What the exercise asks: Could you copy all of the records below exactly as they appear?

Material shown:

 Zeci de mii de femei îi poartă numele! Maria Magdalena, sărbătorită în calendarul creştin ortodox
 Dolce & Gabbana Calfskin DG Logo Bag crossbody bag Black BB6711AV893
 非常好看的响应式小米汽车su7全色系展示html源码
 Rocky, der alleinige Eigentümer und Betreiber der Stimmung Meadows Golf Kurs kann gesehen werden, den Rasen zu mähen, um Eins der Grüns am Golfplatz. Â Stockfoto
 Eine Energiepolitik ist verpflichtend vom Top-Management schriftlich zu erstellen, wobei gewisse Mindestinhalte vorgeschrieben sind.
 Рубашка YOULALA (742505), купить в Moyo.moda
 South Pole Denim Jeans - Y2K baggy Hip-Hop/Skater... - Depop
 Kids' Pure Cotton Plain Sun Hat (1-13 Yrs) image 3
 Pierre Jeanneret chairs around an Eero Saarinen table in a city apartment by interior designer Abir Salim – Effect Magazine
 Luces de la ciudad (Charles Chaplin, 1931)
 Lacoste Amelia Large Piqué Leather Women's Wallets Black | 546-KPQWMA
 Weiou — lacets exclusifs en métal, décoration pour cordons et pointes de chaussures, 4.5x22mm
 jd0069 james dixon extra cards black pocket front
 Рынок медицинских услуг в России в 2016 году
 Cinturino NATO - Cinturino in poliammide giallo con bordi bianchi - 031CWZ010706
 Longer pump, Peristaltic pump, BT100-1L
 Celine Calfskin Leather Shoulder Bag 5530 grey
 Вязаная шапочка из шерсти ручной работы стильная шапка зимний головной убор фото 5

Written answer:
 Zeci de mii de femei îi poartă numele! Maria Magdalena, sărbătorită în calendarul creştin ortodox
 Dolce & Gabbana Calfskin DG Logo Bag crossbody bag Black BB6711AV893
 非常好看的响应式小米汽车su7全色系展示html源码
 Rocky, der alleinige Eigentümer und Betreiber der Stimmung Meadows Golf Kurs kann gesehen werden, den Rasen zu mähen, um Eins der Grüns am Golfplatz. Â Stockfoto
 Eine Energiepolitik ist verpflichtend vom Top-Management schriftlich zu erstellen, wobei gewisse Mindestinhalte vorgeschrieben sind.
 Рубашка YOULALA (742505), купить в Moyo.moda
 South Pole Denim Jeans - Y2K baggy Hip-Hop/Skater... - Depop
 Kids' Pure Cotton Plain Sun Hat (1-13 Yrs) image 3
 Pierre Jeanneret chairs around an Eero Saarinen table in a city apartment by interior designer Abir Salim – Effect Magazine
 Luces de la ciudad (Charles Chaplin, 1931)
 Lacoste Amelia Large Piqué Leather Women's Wallets Black | 546-KPQWMA
 Weiou — lacets exclusifs en métal, décoration pour cordons et pointes de chaussures, 4.5x22mm
 jd0069 james dixon extra cards black pocket front
 Рынок медицинских услуг в России в 2016 году
 Cinturino NATO - Cinturino in poliammide giallo con bordi bianchi - 031CWZ010706
 Longer pump, Peristaltic pump, BT100-1L
 Celine Calfskin Leather Shoulder Bag 5530 grey
 Вязаная шапочка из шерсти ручной работы стильная шапка зимний головной убор фото 5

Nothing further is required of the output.